Let a=b so a^2 = ab or a^2-b^2 = ab-b^2 or (a+b)(a-b) = b(a-b) or a+b = b

now, putting the value of a, b+b=b or 2b=b or 2=1 :P But how??

Note by Shubham Sharma
3 years, 10 months ago

Sort by:

Since a-b=0, in the 4th step you have divided 0 by 0. In mathematics division by zero is meaningless.

Fallacy is an argument built on the base of poor reasoning. Your conclusion might be true or maybe not but it is still fallacious. · 3 years, 10 months ago

yeah, i also got it on wikipedia... · 3 years, 10 months ago

a=b means a-b=0, and division by 0 is meaningless. · 1 year, 8 months ago

You just can't cut (a-b) as 0/0 is indeterminate. · 2 years, 5 months ago

Instead of a=b, let's let a-b=k

$$a=b+k$$

$$a^2 = ab+ak$$

$$a^2-b^2 = ab+ak-b^2$$

$$(a+b)(a-b) = b(a-b)+ak$$

$$a+b=b+\frac{ak}{a-b}$$

You are saying that $$lim_{x \rightarrow 0} \frac{a \times x}{x} = 0$$, which causes this fallacy. · 3 years, 10 months ago

dude dats a bit hi-fi!! limit? dats out of range :D · 3 years, 10 months ago

We are seeing what happens if b is close to a, to determine what went wrong.

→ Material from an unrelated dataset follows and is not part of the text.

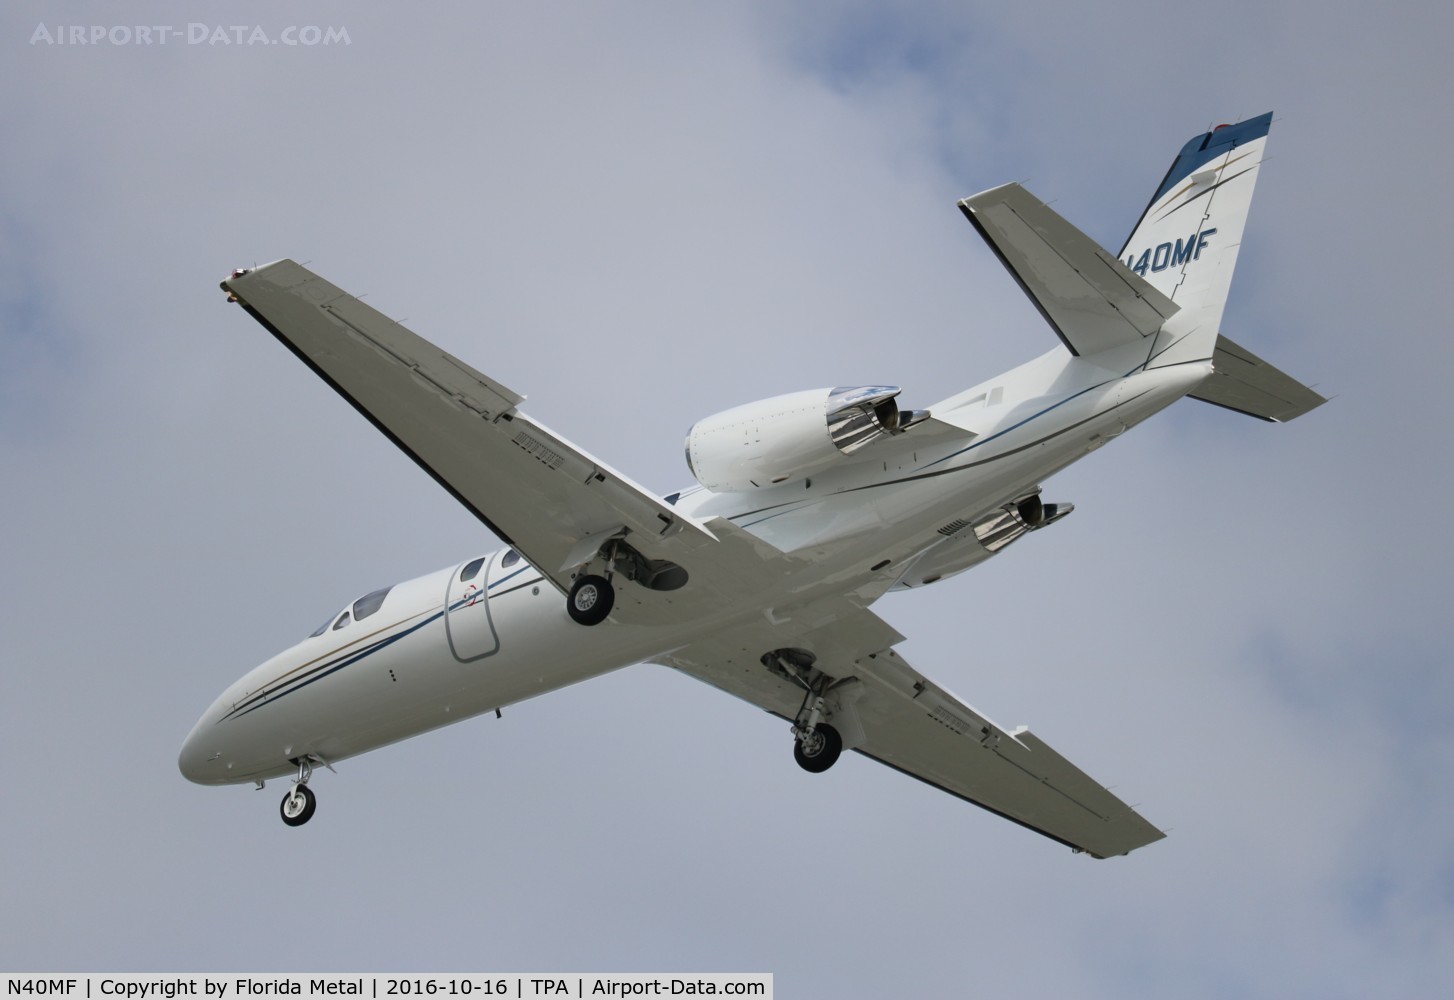 N40MF, 2000 Cessna 550 C/N 550-0921, Citation II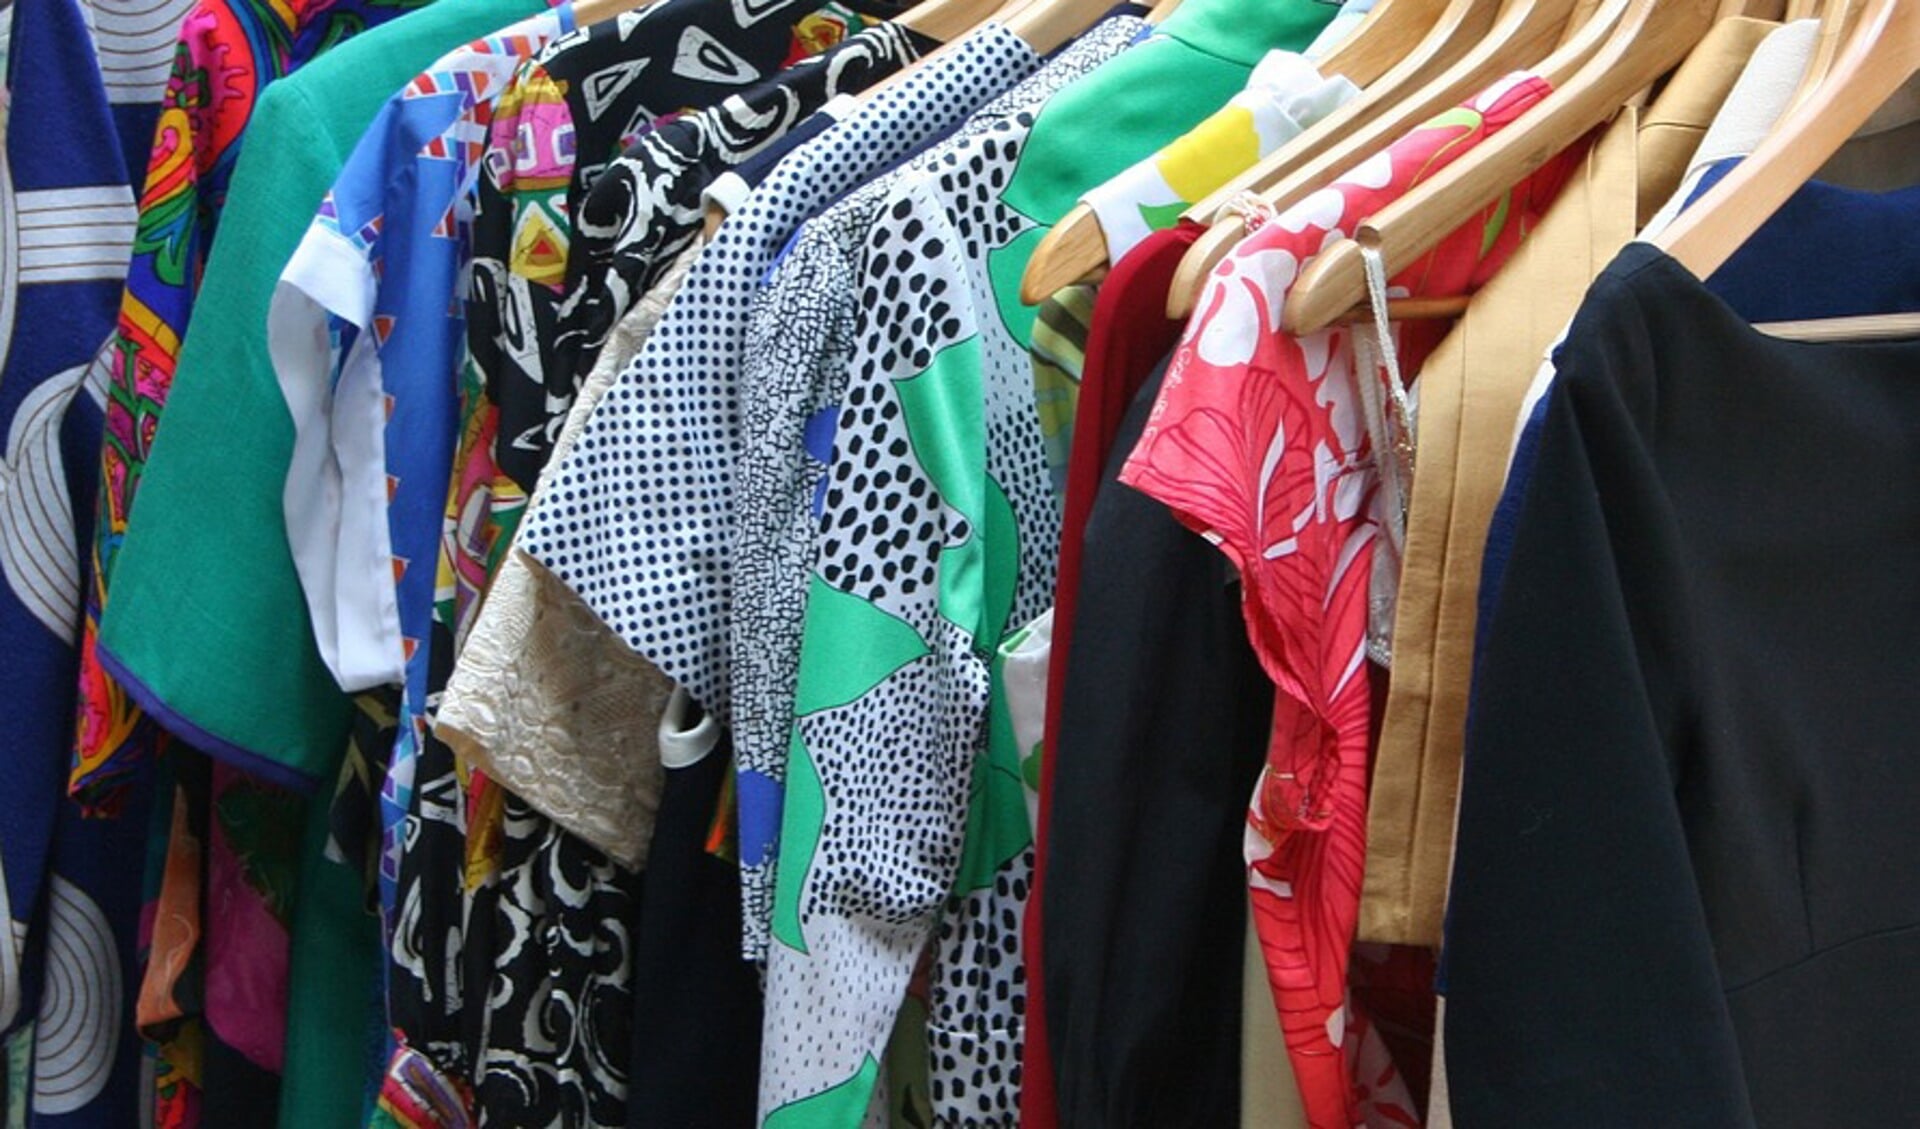 handleiding aansluiten plastic Kom ook naar de 'kleding-ruil-verkoop-markt' in Gennep - Adverteren Boxmeer  | De Maas Driehoek | Krant en Online

Likewise, you cannot evaluate $$\frac{x-4}{\sqrt{x}-2}$$ where x=4 directly by substitution, although it is possible to evaluate it. By substitution, we get $$\frac{0}{0}$$ which is kind of meaningless. · 3 years, 10 months ago

That's not meaningless. That is everything. What times 0 equals 0? is what that's asking. · 3 years ago

I agree that $$\frac{0}{0}$$ can be any number, but the fact that it reduces to $$\frac{0}{0}$$ says nothing more about the value an expression is unless we know that the $$0$$s mean. · 2 years, 5 months ago

yup.. · 3 years, 10 months ago

×